• _Records supplied_
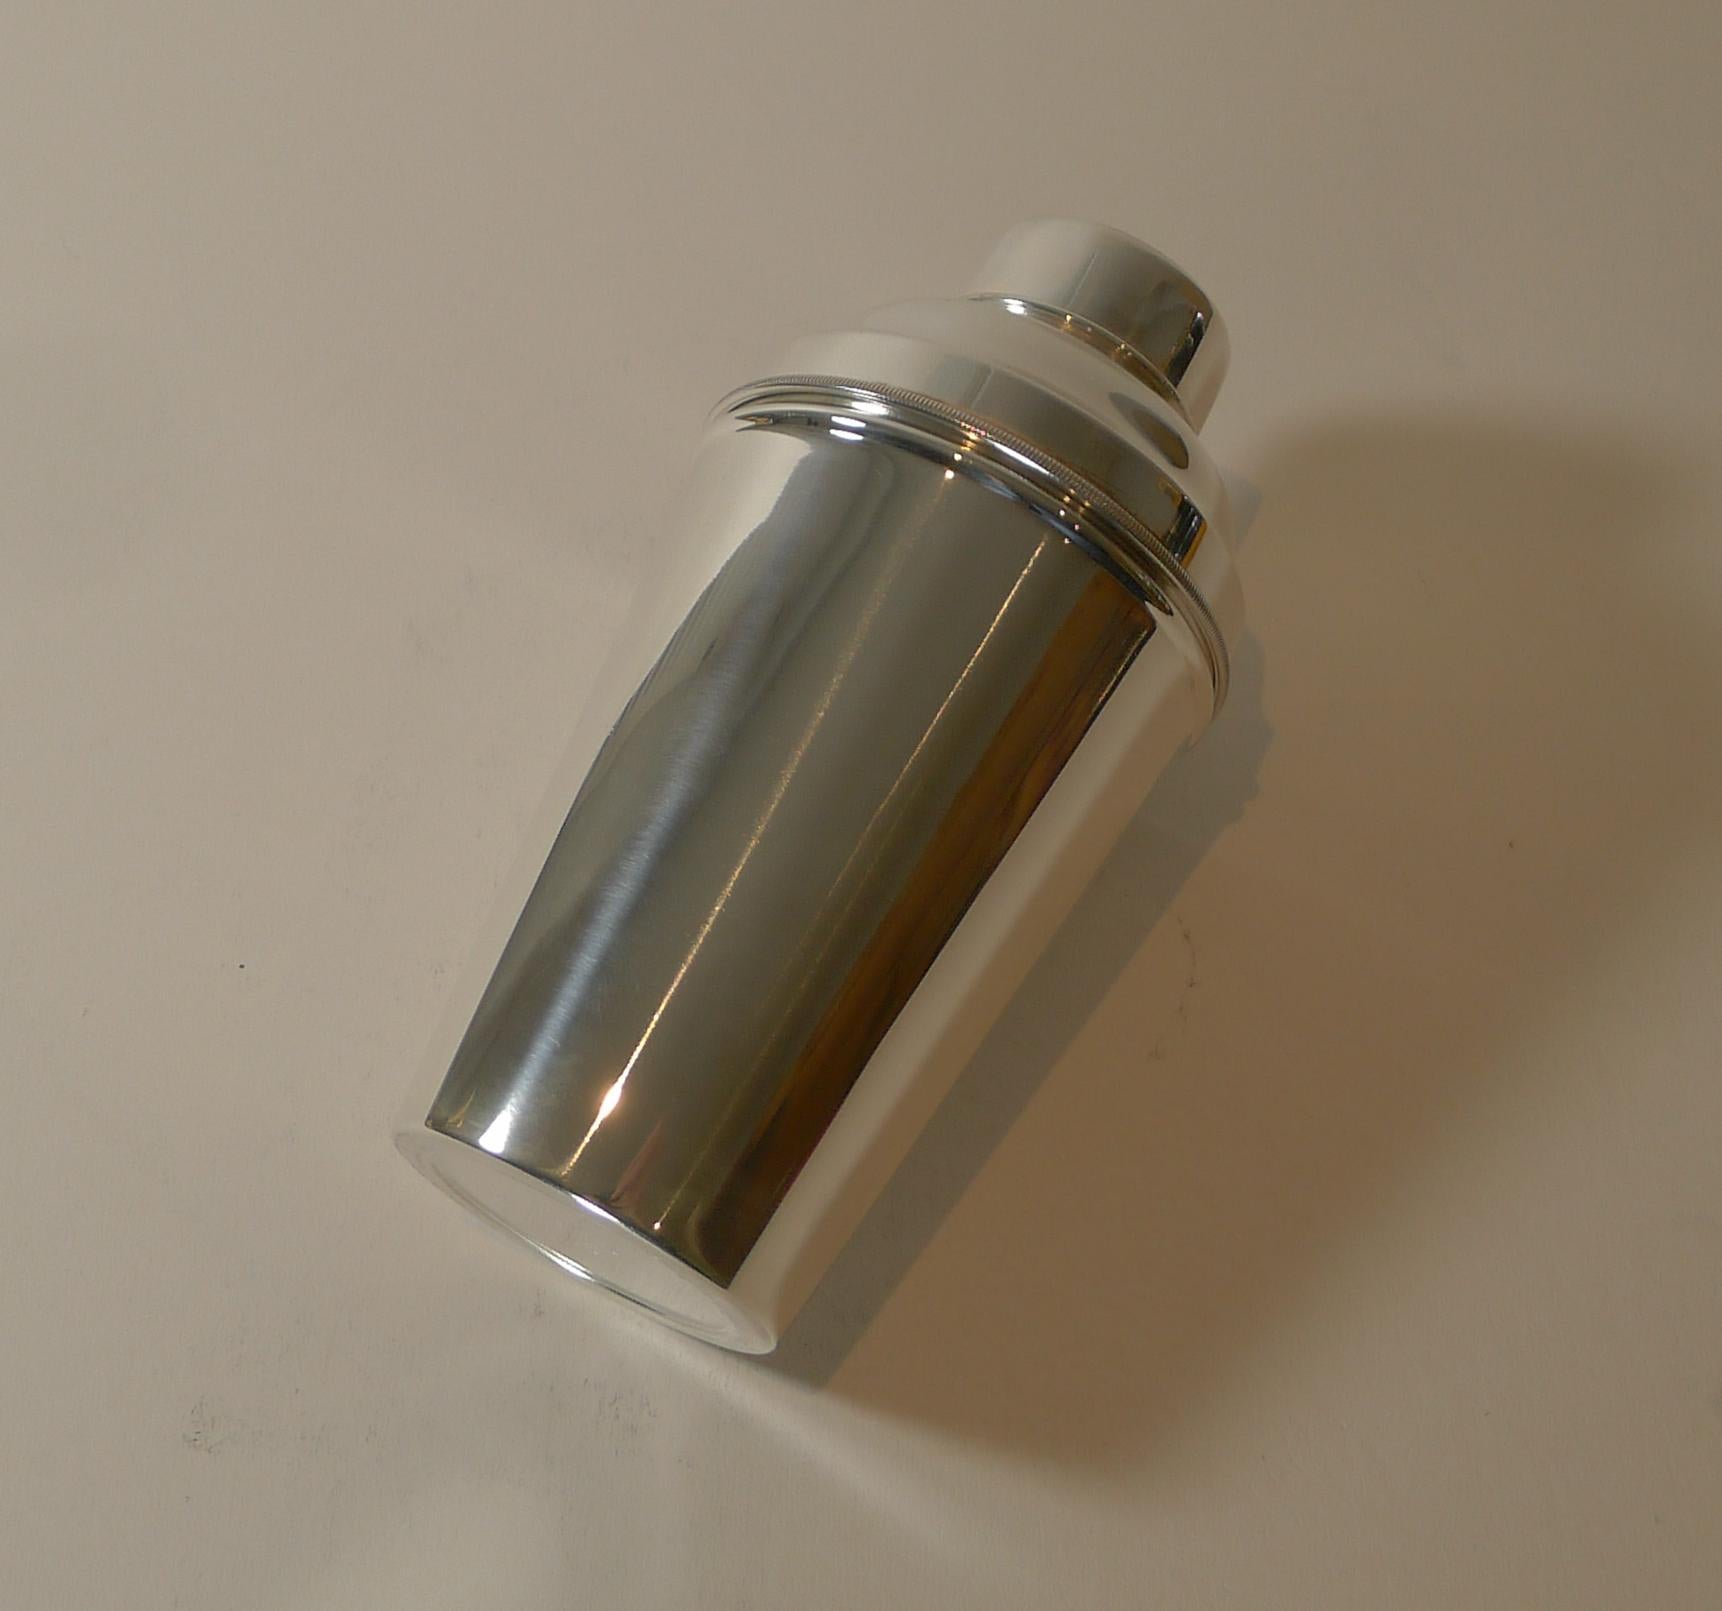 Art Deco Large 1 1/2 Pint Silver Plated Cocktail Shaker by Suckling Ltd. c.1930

==

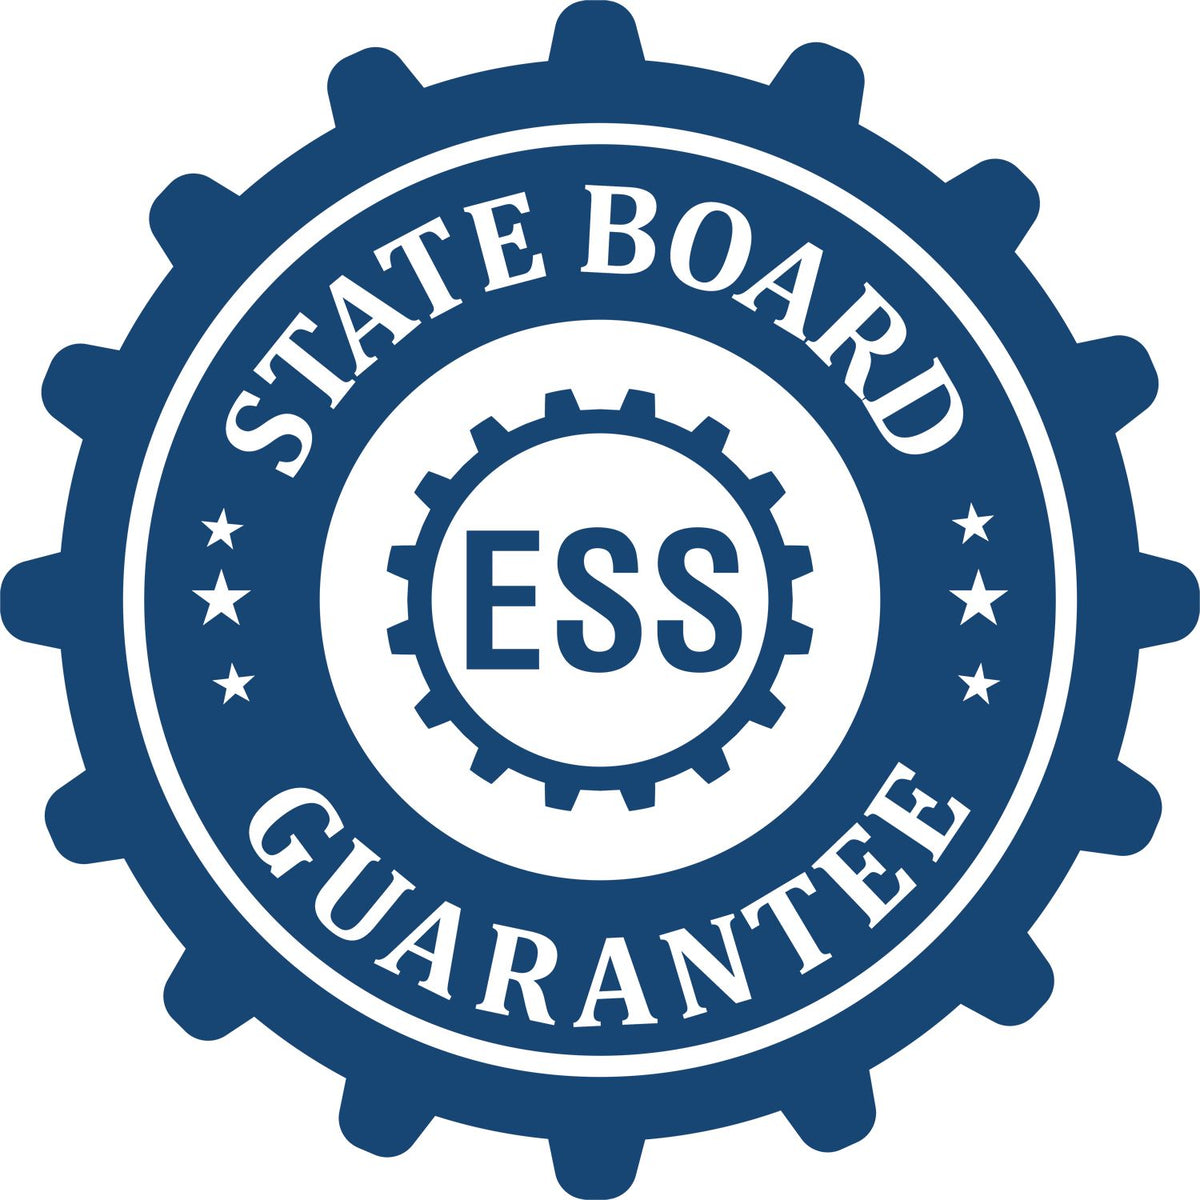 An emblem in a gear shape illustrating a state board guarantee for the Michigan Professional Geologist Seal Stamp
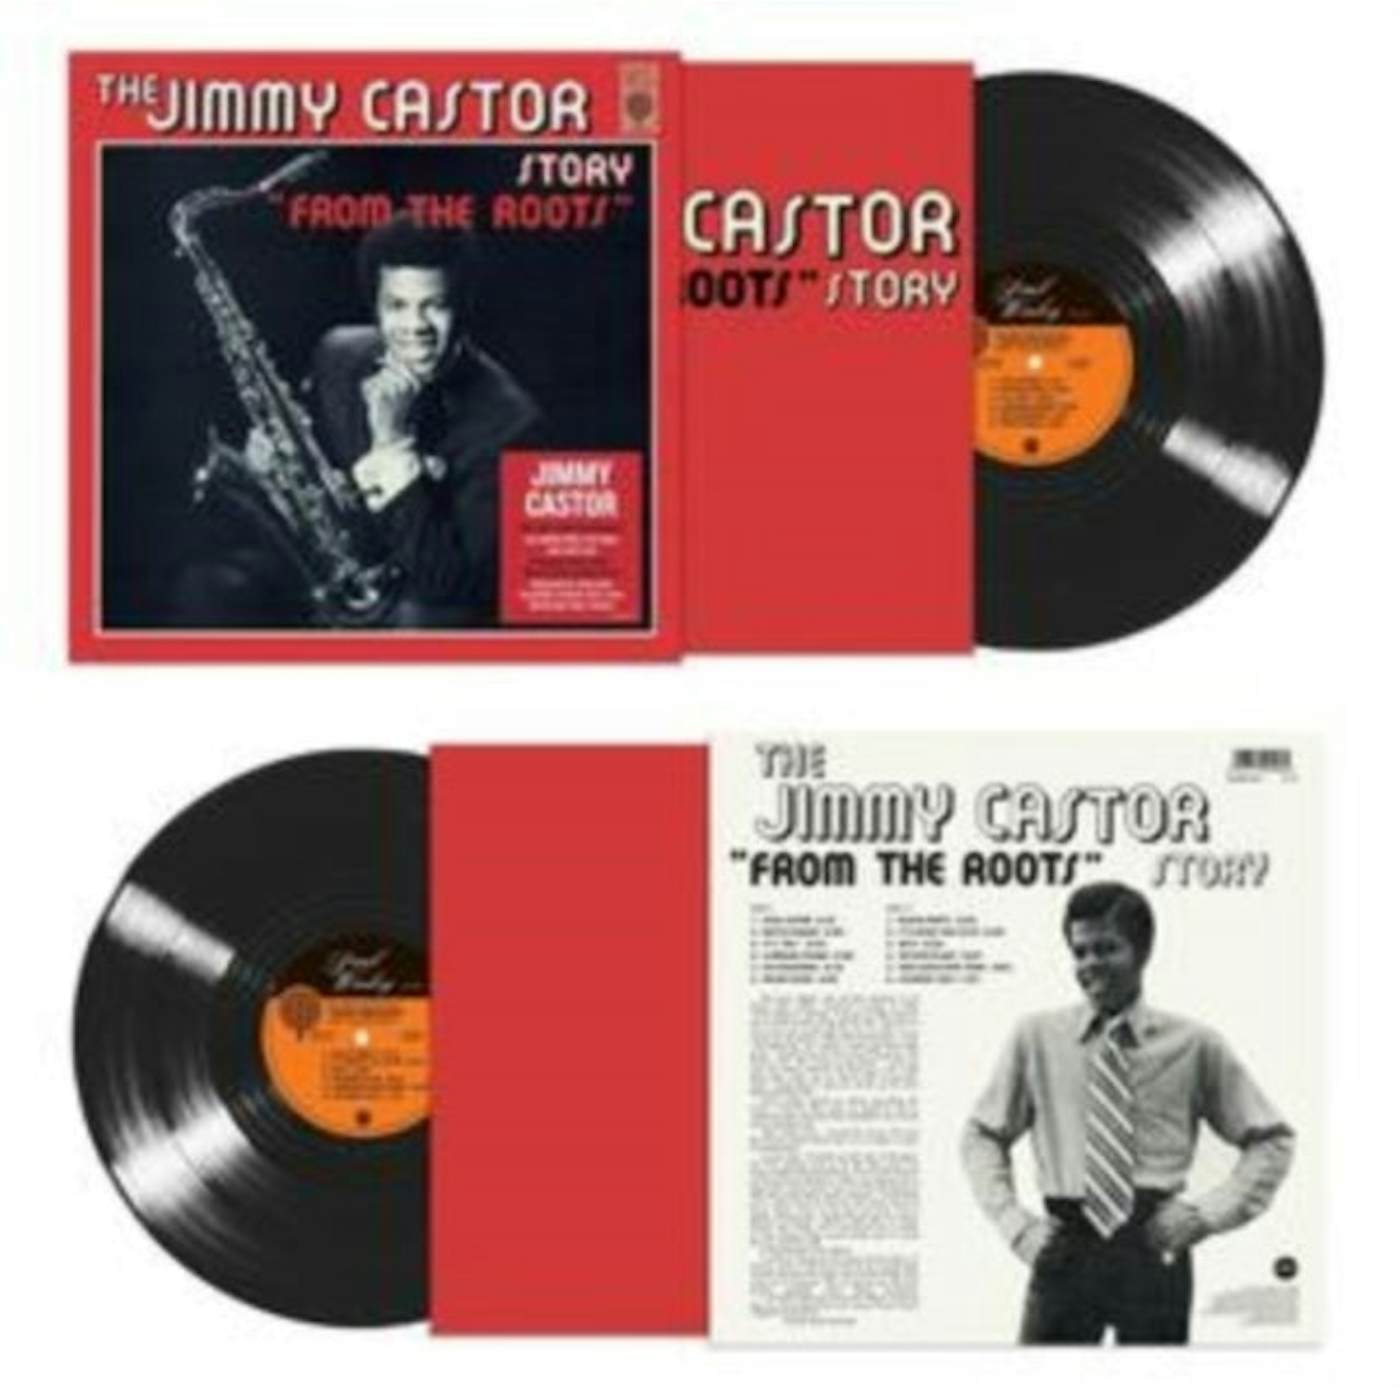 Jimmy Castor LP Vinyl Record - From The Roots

• _What you have to do_
Leave out the images and write out the lines above exactly, from the one with "An emblem in" up to and including the one with "Jimmy Castor LP".

• _Solution to this exercise_
 An emblem in a gear shape illustrating a state board guarantee for the Michigan Professional Geologist Seal Stamp
 Jimmy Castor LP Vinyl Record - From The Roots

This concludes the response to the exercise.